思えば、やりたいことを叶え、会いたい人に会いにいき、考えたいことを考え抜くような、贅沢な時間の使い方をした。当たり前だが、今という時間は思い出せても、戻ってはこない。感覚として私たちの体内に残ったとしても、それらを実感する日は悲しいことに、もうこない。

 

 

ずっと長いこと、夏の終わりが苦手だった。

一つの消失体験を機に、毎年毎年、その体験に苦しんできた。きっとこうして記憶として体内に残る苦しみを、ぎゅっと目を瞑るように臆病に持ち続けるのだと。そう思っていた。

 

 

人の記憶は更新されていく。新しい楽しさを知ったり、心躍る景色を見たり、沢山の人に出逢いながら。そしてそれらは積み重なっていくのだ。

 

どうしても忘れられない記憶は、人生に大切な記憶だと認識している。それが忘れたくて仕方ない記憶であれば、あるほどだ。どこかでその記憶と向き合い、過去として認識する日が来る。

 

 

生きるということは、精算の繰り返しだ。

 

どうしても許せないあいつを許したり、忘れられない過去を塗り返すように今を充実させ、記憶のトレードをする。私たちは生きているから。忘れてしまったり、思い出してしまったり、してしまうのだ。

 

 

 

この夏で、私は完全に分かった。

 

今を生きることが記憶から抜け出す最善の道だと。

 

 

仕事をしていてよく聞かれる。

 

「なんでそんなに前向きなんですか?」

「どうやったら過去のことを考えなくなりますか?」

 

前向きというのは、努力の結果だ。前を向けるように工夫してきたのだ。でも後ろを向いていいことを知っているのは大きい。マイナス思考に陥ってもそこから学ぶことはできる。自分の調子のリズムだって知れる。物事を前向きに捉えているのだって、悲観的だったあの頃があったからだ。何もかも、私のために起きたことである。

 

過去のことを繰り返し考えることについては、「まだ考える時期にいる」ということ。考えている時期は本当に苦しい。でも何をしても、どう工夫しても考えるということは、考え抜くことが必要なのだ。だからいつかちゃんとこの過去を精算できると信じて、安心して考え、悩み抜いてほしい。

 

 

 

今を生きて、今を見つめていたら、毎年苦しんだ過去の記憶は私の中でいつの間にか精算されていた。自分がもう大丈夫なんだ、ということを知れた瞬間だった。こう書くと、あっという間に清算されていると感じるかもしれない。これでも、8年かかっている。それだけ記憶と闘うのはつらいし、苦しいし、耐え難い。

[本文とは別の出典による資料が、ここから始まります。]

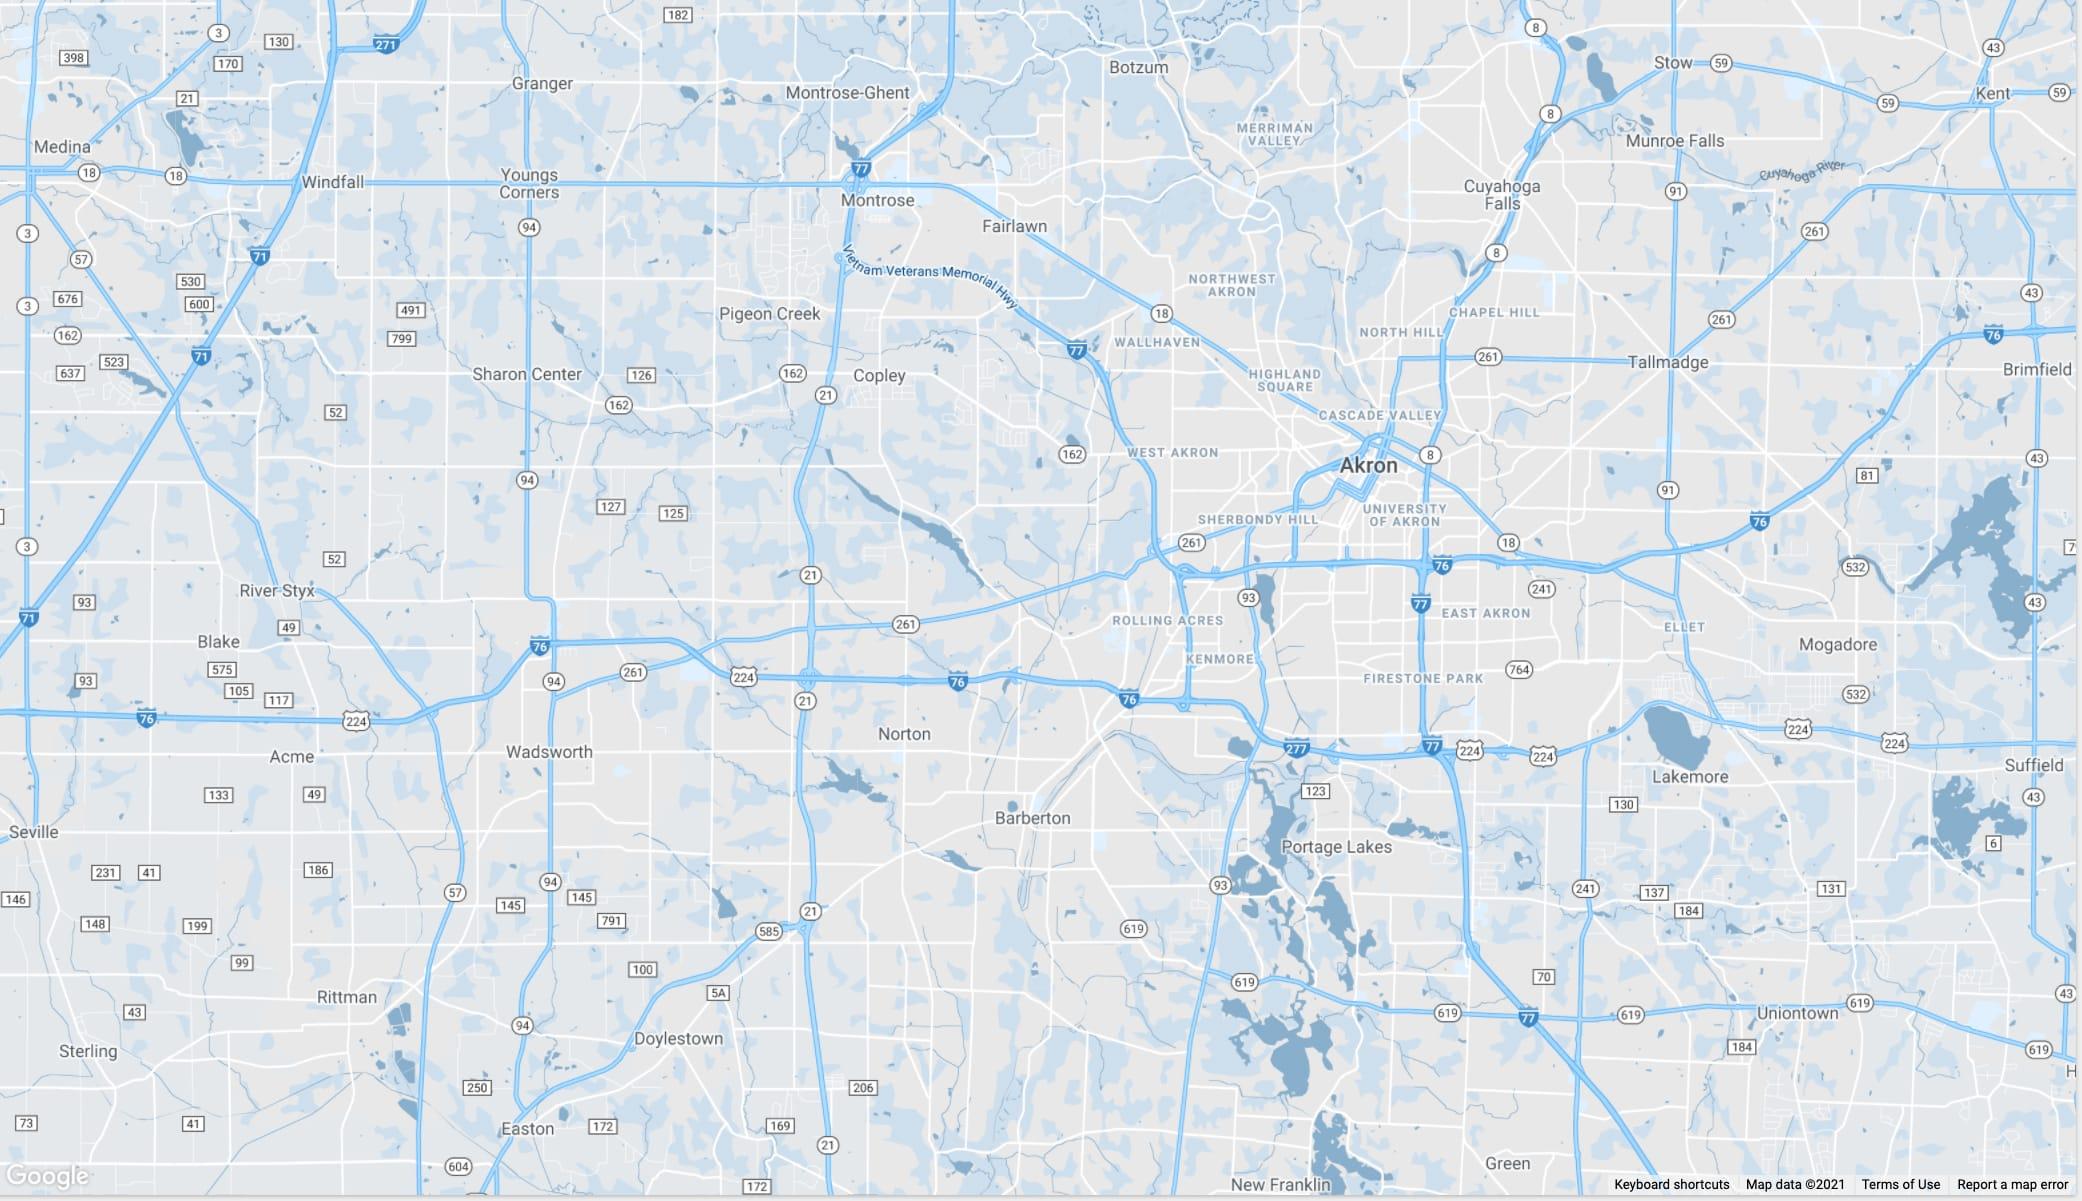 Wadsworth and Akron, Ohio area map

何かの拍子で記憶から抜け出せる日は来る。今が苦しくても、何年かかるか想像できなくても、「変わりたい」と思えば人生は好転していく。全ては自分次第。

 

 

 

私の中の苦しみは、私を未来へ繋げてくれた架け橋のようだった。

 

記憶とともに生きていい。それはあなたの人生に大事な記憶だから。でも、苦しんだ分、いつかちゃんと精算される日が来る。

 

そんなことを伝えたかった記事です。

私の気持ち記録も兼ねて。

 

 

読んでいただき、ありがとうございます。

良い週末を!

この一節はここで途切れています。